To explore the heterogeneity within these major assembly states, we trained a 10D latent variable model on the remaining high-resolution images (D=256, Nyquist limit of 3.3 Å). We visualized the resulting 10D latent encodings using UMAP33, and observed particle super-clusters corresponding to major classes of LSU assembly (Fig. 5b) and sub-clusters that aligned with Davis et al.’s minor class assignments (Supplementary Fig. 4)32. We found that when provided latent codes from these clusters, the decoder network generated structures matching the major (Fig. 5c) and minor (Supplementary Fig. 5) assembly states of the LSU. With the 10D latent variable model, we also noted a clearly separated cluster of particles assigned to class A, and structures sampled from this region of latent space reconstructed the 70S ribosome, an impurity in the dataset (Supplementary Fig. 6). Finally, we identified a small cluster of ∼1,200 particles in latent space adjacent to the class C cluster whose particles were classified into class E by Davis et al. (Supplementary Fig. 4). The density map reconstructed by the deep coordinate network from this region revealed a previously unreported assembly intermediate that we newly call class C4. Like the other class C structures, class C4 lacked the central protuberance, but bore clearly resolved density for helix 68, which was only present in classes E4 and E5 from Davis et al32. Traditional voxel-based back-projection of the particle images constituting this cluster reproduced a similar, albeit lower-resolution structure, confirming the existence of this structural state in the original dataset (Supplementary Fig. 6).
CryoDRGN reveals dynamic continuous motions in the pre-catalytic spliceosome
Finally, we evaluated the performance of cryoDRGN in analyzing micrographs of the pre-catalytic spliceosome (EMPIAR 10180)34. Plaschka et al. employed extensive expert-guided focused classifications to reconstruct a composite map for this complex and suggested that the complex sampled a continuum of conformations34. To understand how cryoDRGN would encode such continuous structural heterogeneity in latent space, we first trained a 10D latent variable model on the downsampled images (D=128, Nyquist limit of 8.5 Å) using image poses derived from a consensus reconstruction.

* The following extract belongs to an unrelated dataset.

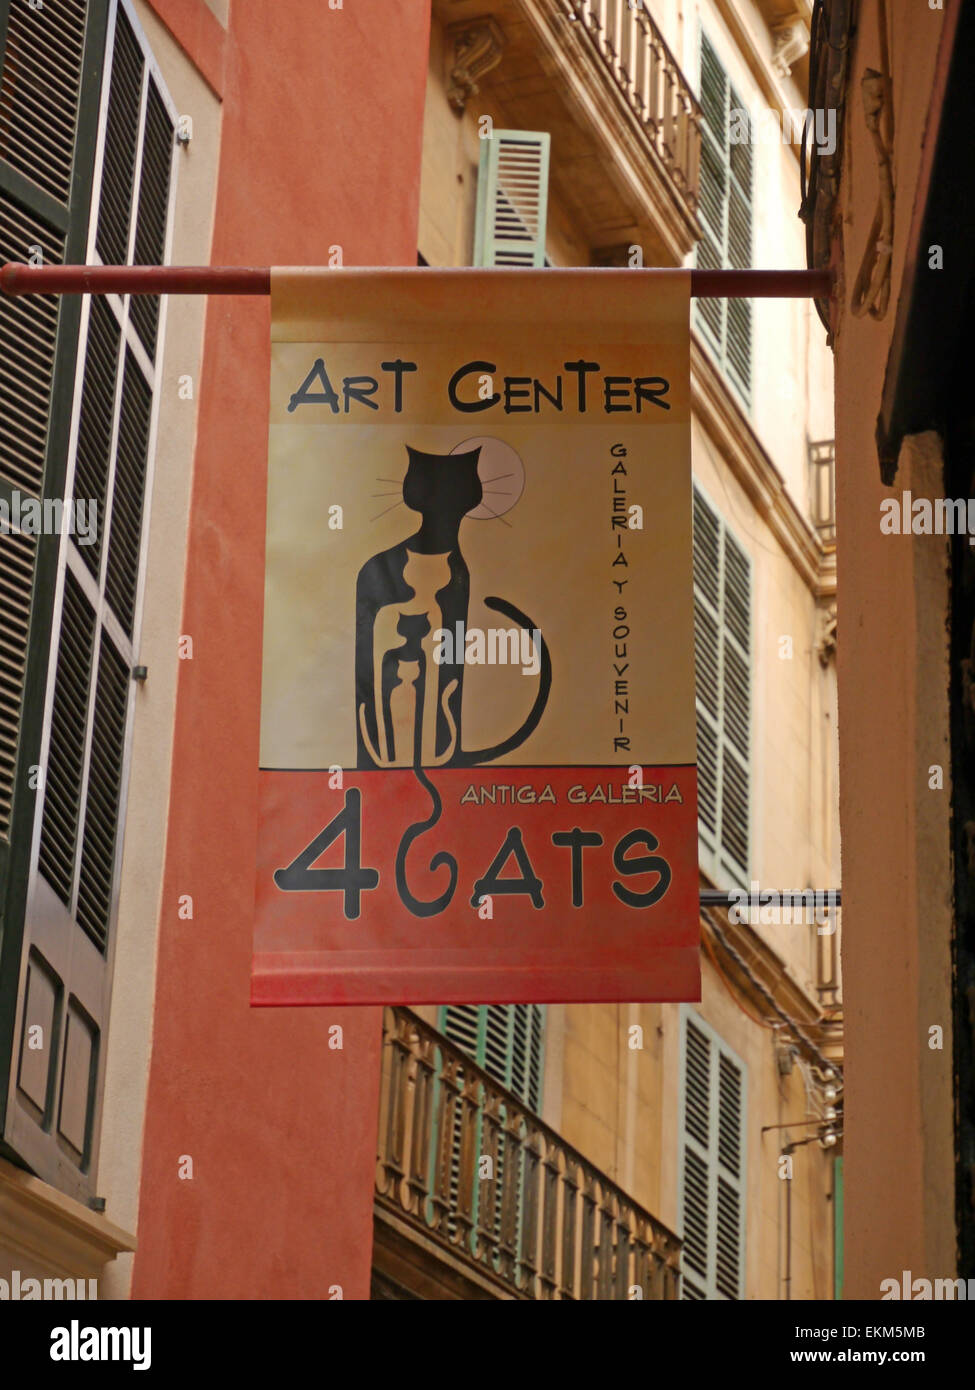 A banner sign for the 4 Cats Art Center in Palma de Mallorca Stock Photo

Multiple clusters were observed in the latent space encodings (Fig. 6a). After sampling structures from the latent space, we observed expected spliceosome conformations from the largest cluster, poorly resolved structures from the leftmost cluster, structures lacking density for the SF3b domain from a third cluster, and additional density consistent with particle aggregation from the uppermost cluster (Fig. 6b). To focus our analysis on bone-fide pre-catalytic spliceosome particles, we leveraged the latent space representation to eliminate any particles that mapped to the undesired clusters from two replicate runs, which resulted in a final particle stack of 150,098 images.

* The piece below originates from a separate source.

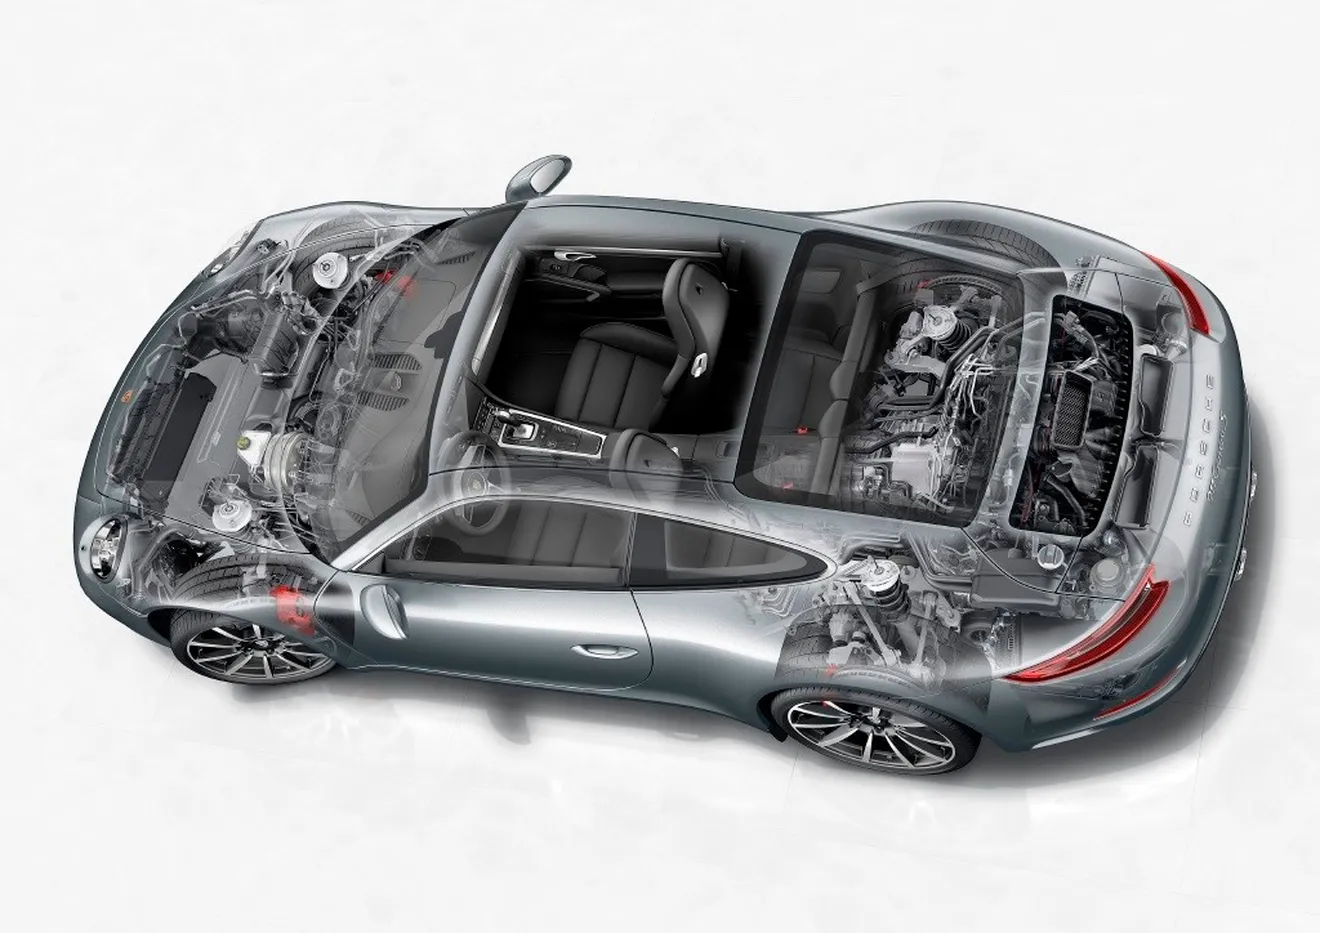 Porsche 911 híbrido enchufable, en desarrollo: no llegará antes del 2020

With the filtered particle stack, we trained a 10D model on higher resolution images (D=256, Nyquist limit of 3.4 Å), and visualized the dataset’s latent encodings in 2D using PCA and UMAP (Fig. 6a,c). The visualized data manifold was unfeatured, consistent with a molecule undergoing non-cooperative conformational changes. By generating structures along the first principal component of the latent space encodings, we reconstructed a trajectory of the SF3b and helicase domains in motion (Fig. 6d), which smoothly transitioned from an elongated state to one compressed against the body of the spliceosome. A similar traversal along the second PC produced a continuous trajectory of the SF3b and helicase domains moving in opposition (Supplementary Fig. 7). This anticorrelated motion of the SF3b and helicase domains in PC2, together with their correlated motion in PC1, suggested that the two domains move independently in the imaged ensemble. Finally, although trajectories along latent space PCs provide a summary of the extent of variability in the structure, cryoDRGN can also generate structures at arbitrary points from the latent space. By traversing along the k-nearest neighbor graph of the latent encodings and generating structures at the visited nodes, cryoDRGN generated a plausible trajectory of the conformations adopted by the pre-catalytic spliceosome (Supplemental Movie 1), highlighting the potential of single particle cryo-EM to uncover the conformational dynamics of molecular machines.
Discussion
This work introduces cryoDRGN, a new method using neural networks to reconstruct 3D density maps from heterogeneous single particle cryo-EM datasets. The power of this approach lies in its ability to represent heterogeneous structures without simplifying assumptions on the type of heterogeneity. In principle, cryoDRGN is able to represent any distribution of structures that can be approximated by a deep neural network, a broad class of function approximators35. This flexibility contrasts with existing methods that impose strong assumptions on the types of structural heterogeneity present in the sample. For example, traditional 3D classification assumes a mixture of discrete structural classes, whereas multibody refinement assumes conformational changes are composed strictly of rigid-body motions. Although these approaches have proven useful, they are inherently unable to model true structural heterogeneity and thus often introduce bias into reconstructions. In contrast, we empirically show that deep coordinate networks can model both discrete compositional heterogeneity and continuous conformational changes without the aforementioned assumptions. For example, by using this less biased approach, we discovered heterogeneous states of the Pf80S ribosome that were originally averaged out of the homogeneous reconstruction. When analyzing the assembling E. Coli LSU dataset, cryoDRGN learned an ensemble of LSU assembly states without a priori specification of the number of states as is required for 3D classification. Finally, when analyzing the pre-catalytic spliceosome, we found that the continuous conformational changes cryoDRGN reconstructed lack the rigid-body boundary artifacts introduced from multibody refinement’s mask-based approach17.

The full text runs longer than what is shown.